Because the text did not accommodate him, he invented a Constitutional provision that supported his position.  Even so, his approach has more honesty, in service to a dishonest purpose, than those adopted by judges who came later.

Taney’s racism is so blatant and his gaps in logic are so glaring that they distract our attention from the equally serious if less visible sin that he committed.  Taney and the six justices who agreed with him engaged in lawless conduct.  He used his position as a judge to legislate.  He had no power, no authority to do so.  Yet, he has had many followers among the judges, although they do not acknowledge him.  For his followers, all of the many judges who have been and continue to be determined to manufacture a result, the principal defect of Taney’s method is that it is so easily refuted.  A judge who claims that a provision is expressly and distinctly set out in a document will, or should, lose credibility when that provision is found to be absent.
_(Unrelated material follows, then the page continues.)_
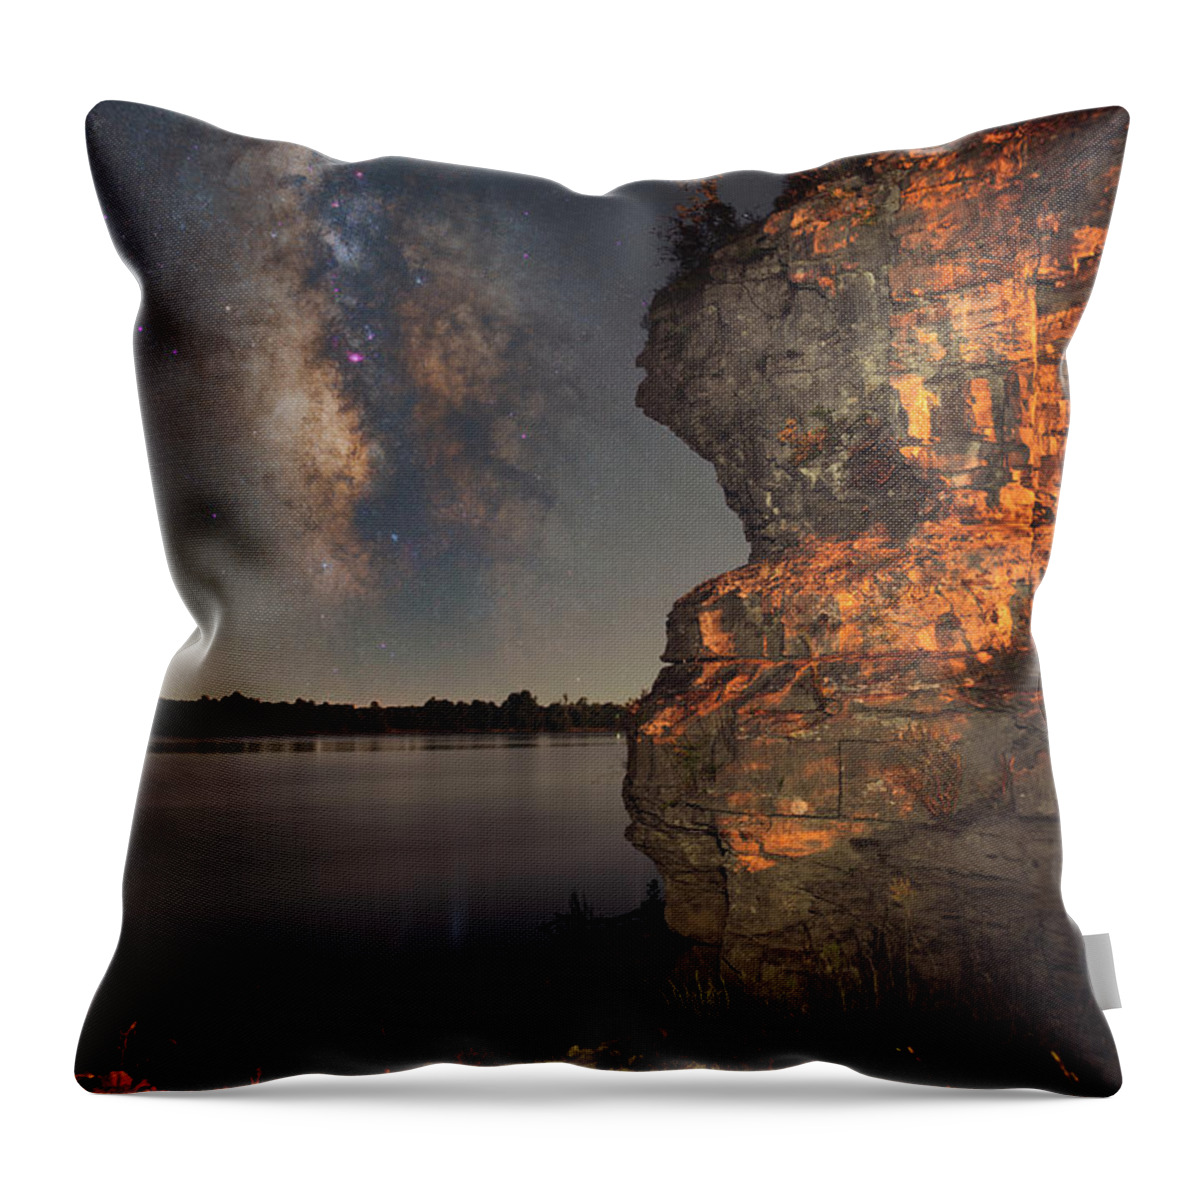 Nightscape Throw Pillow featuring the photograph Cave In Rock Bluff by Grant Twiss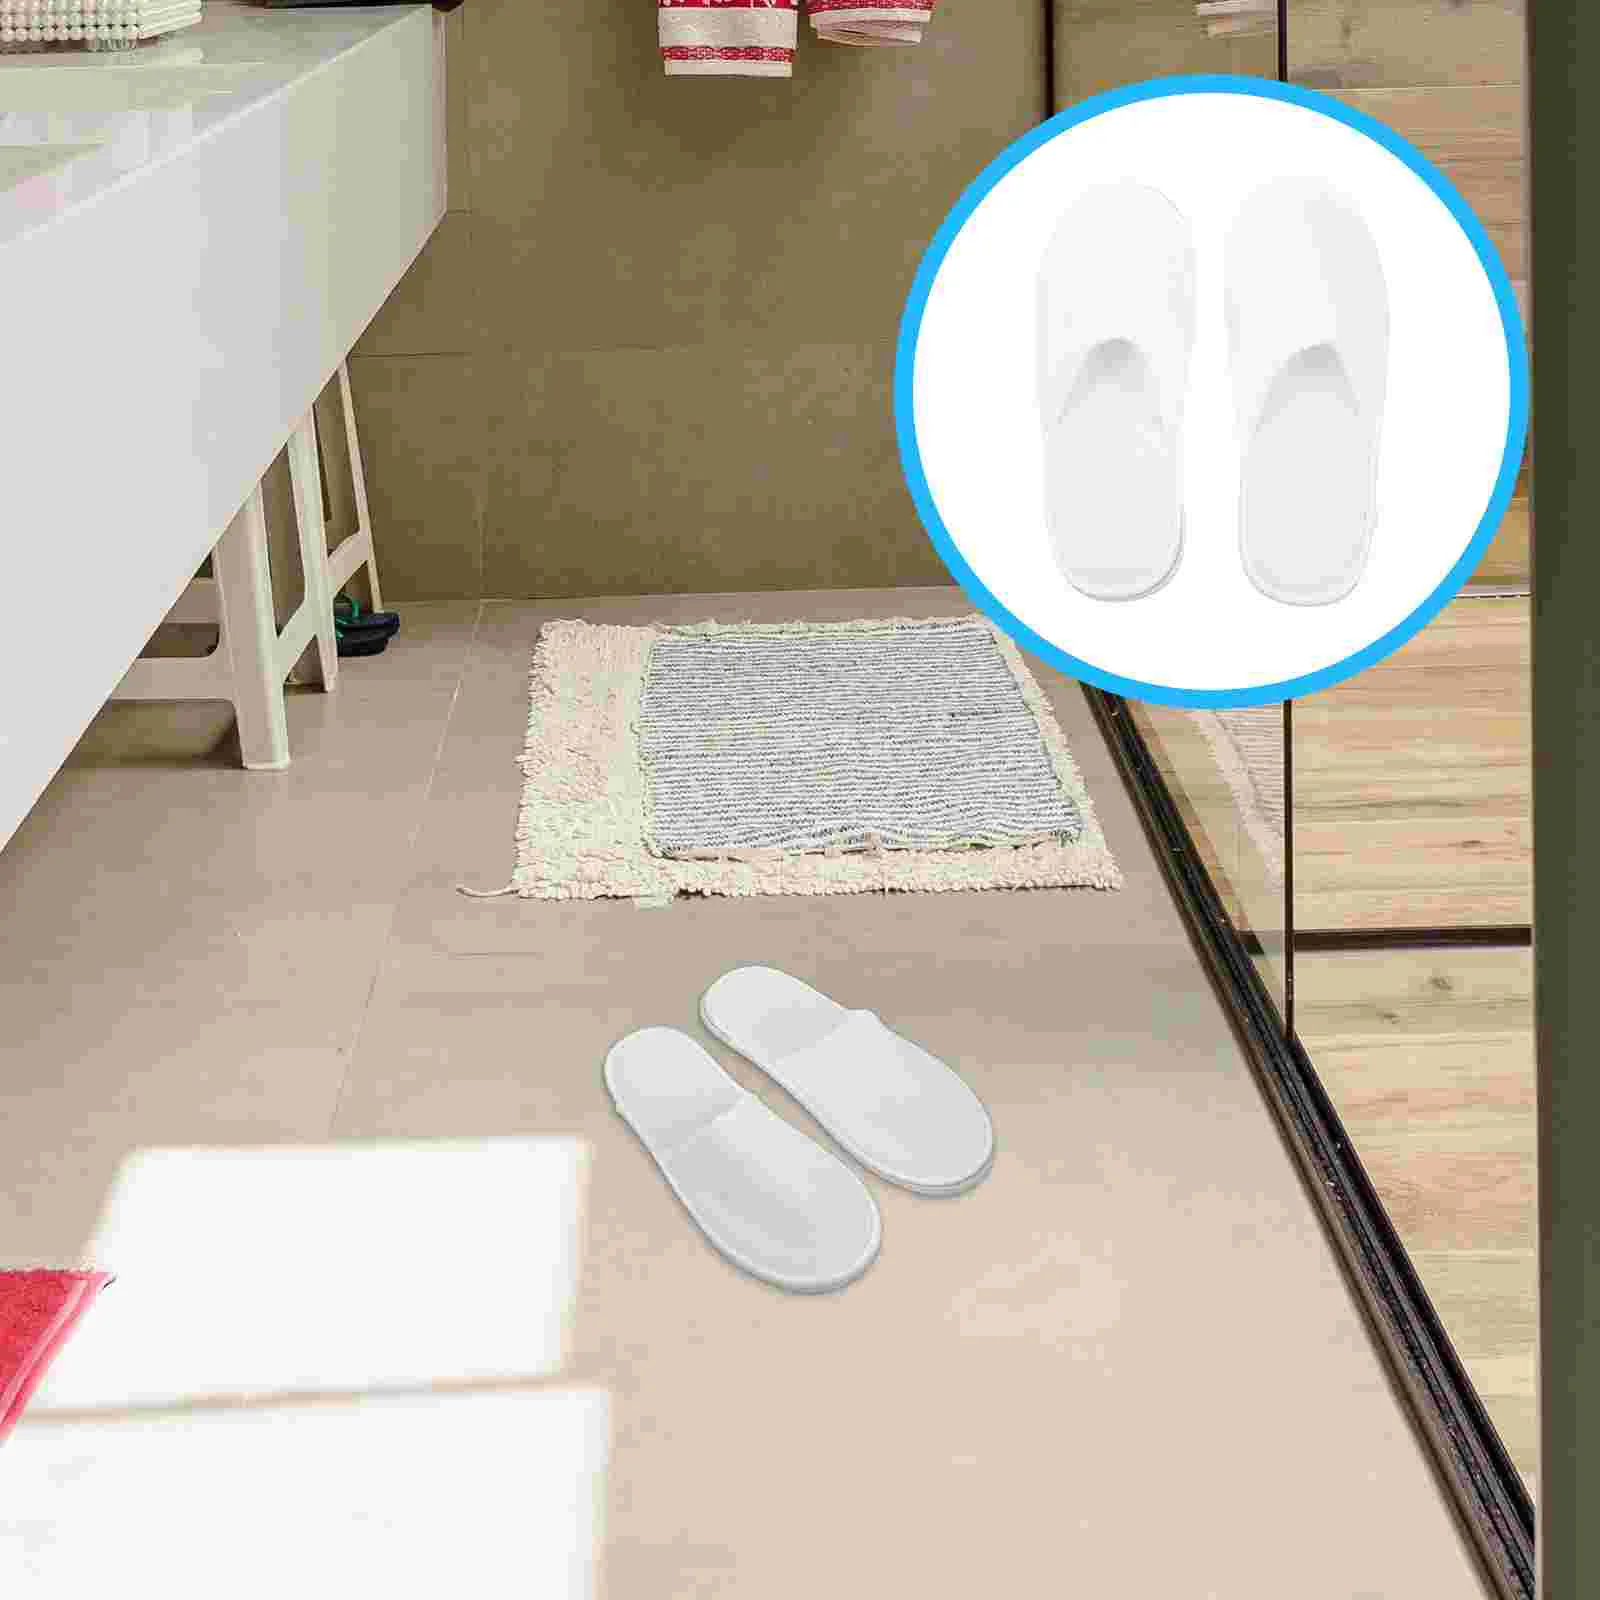 

Slippers Disposable Hotel Spa Guests Indoor Guest House Toe Bulk Slipper Supple Off Coral Home Fleece Shoes Bathroom Closed

Taney’s followers have been more inventive.  They have found ways to ignore text that is inconvenient, to supplement it, and to discover shadows – penumbras and emanations, to borrow their phrasing – cast by explicit provisions to produce meanings previously hidden, which can be discovered by members of a priestly caste with lifetime appointments.

The ongoing development of those techniques opened the door to the brisk competition for the silver medal – second-worst court decision.  I’ll offer thoughts in a later post on how that competition shapes up on this observer’s scorecard.

 

 

[1] The Scotts also had two boys who died in infancy and another daughter, who survived.

[2] Irene lived to 1903.

[3] Kindle location 705.

[4] They were right.  At the end of his opinion in the Dred Scott case, the Chief Justice indicated in dictum that an appeal would have been an automatic loss for the petitioners because of the authority of the Strader case.

[5] The case is captioned Scott v. Sandford.  The superfluous “d” in Mr. Sanford’s name attached itself to the case through a clerical error and has remained there ever since.

[6] Mr. Chaffee is a likely suspect in an anti-slavery conspiracy that didn’t work out.  When the Supreme Court decision was announced, and a local reporter in Springfield, Massachusetts recognized that Chaffee was the brother-in-law of the respondent, Chaffee stated that he himself had not heard of the case until February 1857. His connection to the case embarrassed him.  He did not run for re-election.

[7] We live in a time when a charge of racism can be laid with a straight face against a non-Mexican who wears a sombrero to a Mexican themed party.  Because the charge of racism retains its force, it is too easy for those who would appropriate its power to apply the term broadly and loosely.  I would give the word to the sombrero crowd if there were a usable substitute.  There isn’t, so I will use it here, but with the understanding that it is intended in its true, original sense of “a belief or doctrine that inherent differences among the various human racial groups determine cultural or individual achievement, usually involving the idea that one’s own race is superior and has the right to dominate others or that a particular racial group in inferior to the others”.

[8] I have noted before Abraham Lincoln’s observation that those who claimed slavery was a positive good did not want the good of it for themselves.

[9] Harry Jaffa, “A New Birth of Freedom”, p. 220.